Let's say the average electric oven draws 3.0 kW (my convection oven happens to be 5.5 kW). We might expect the typical household oven to operate at full power for the first ten minutes or so, then cycle on perhaps one third of the time thereafter (i.e., an average of one minute on for every two minutes off). Let's also assume there are 100,000 electric ovens in use province-wide during the suppertime peak (and here in Nova Scotia, virtually all ovens are electric since only 500 or so homes are currently served by natural gas).

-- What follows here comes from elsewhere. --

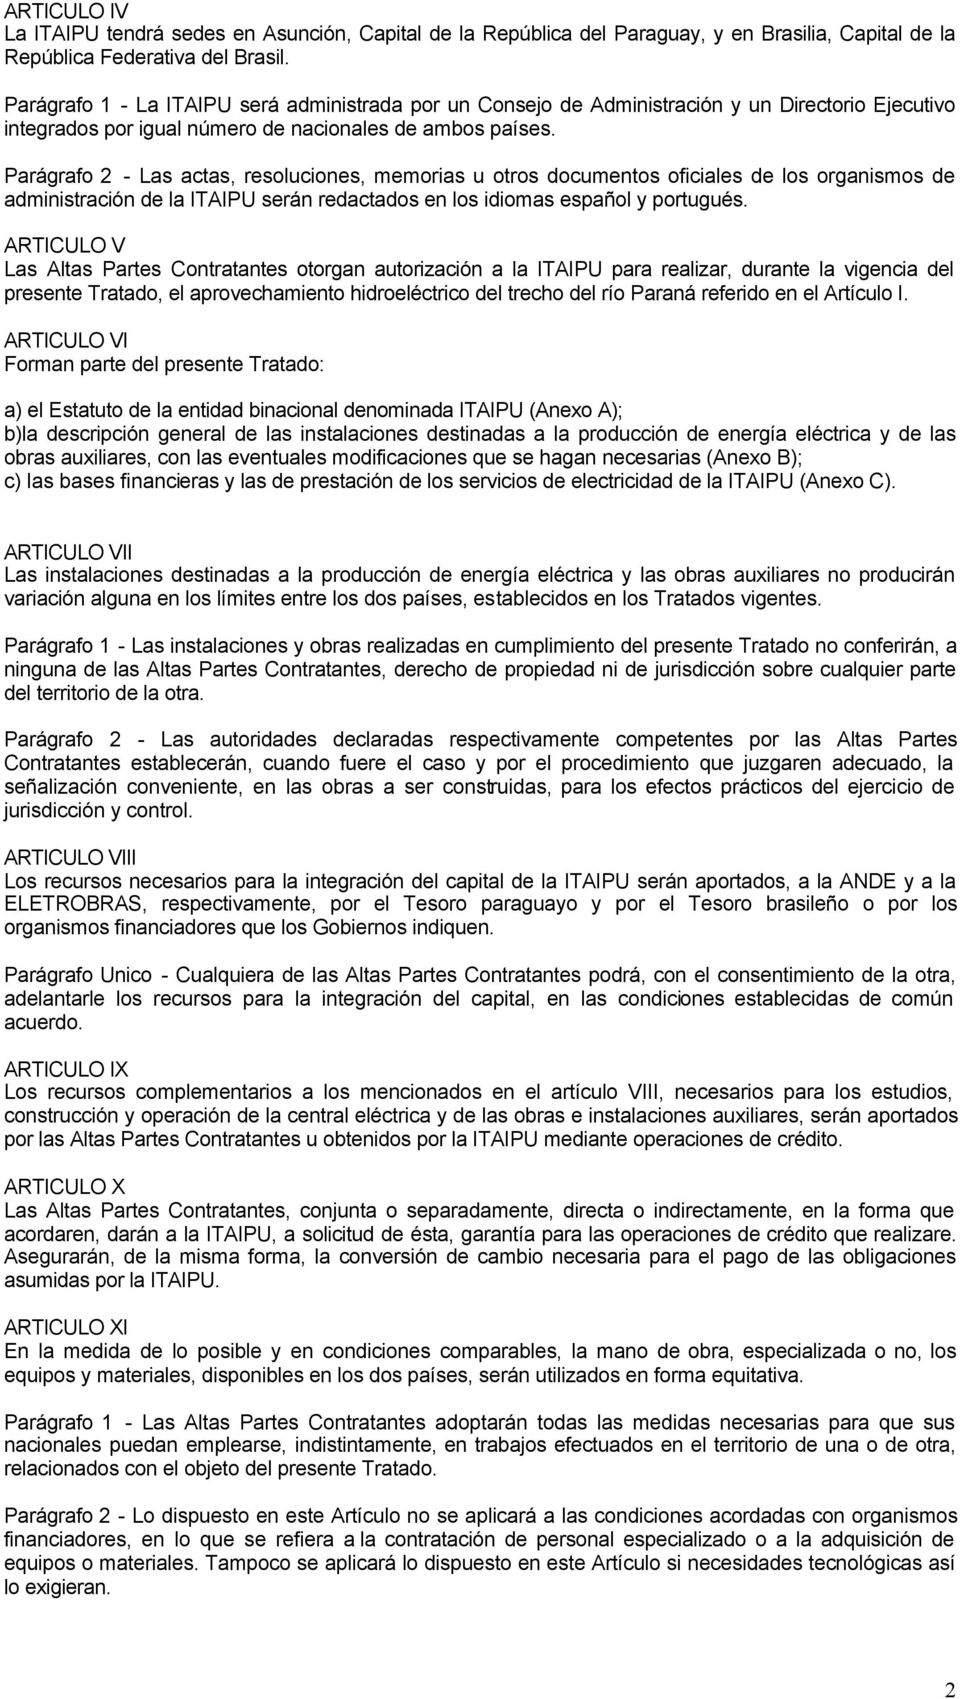 Parágrafo 2 - Las actas, resoluciones, memorias u otros documentos oficiales de los organismos de administración de la ITAIPU serán redactados en los idiomas español y portugués.

If all 100,000 ovens were energized at the same time, we would expect this load to be 300 MW. We're assuming, of course, that as each of these ovens come up to temperature, the actual load at a 33% duty cycle, would be closer to 100 MW, and since these ovens are not all turned on at the same time, a coincidental peak of 100 MW is probably within spitting distance of the mark. If, however, each of these ovens were equipped with variable wattage controls and, again, assuming a 33% duty cycle, our coincidental peak should drop to just 33 MW.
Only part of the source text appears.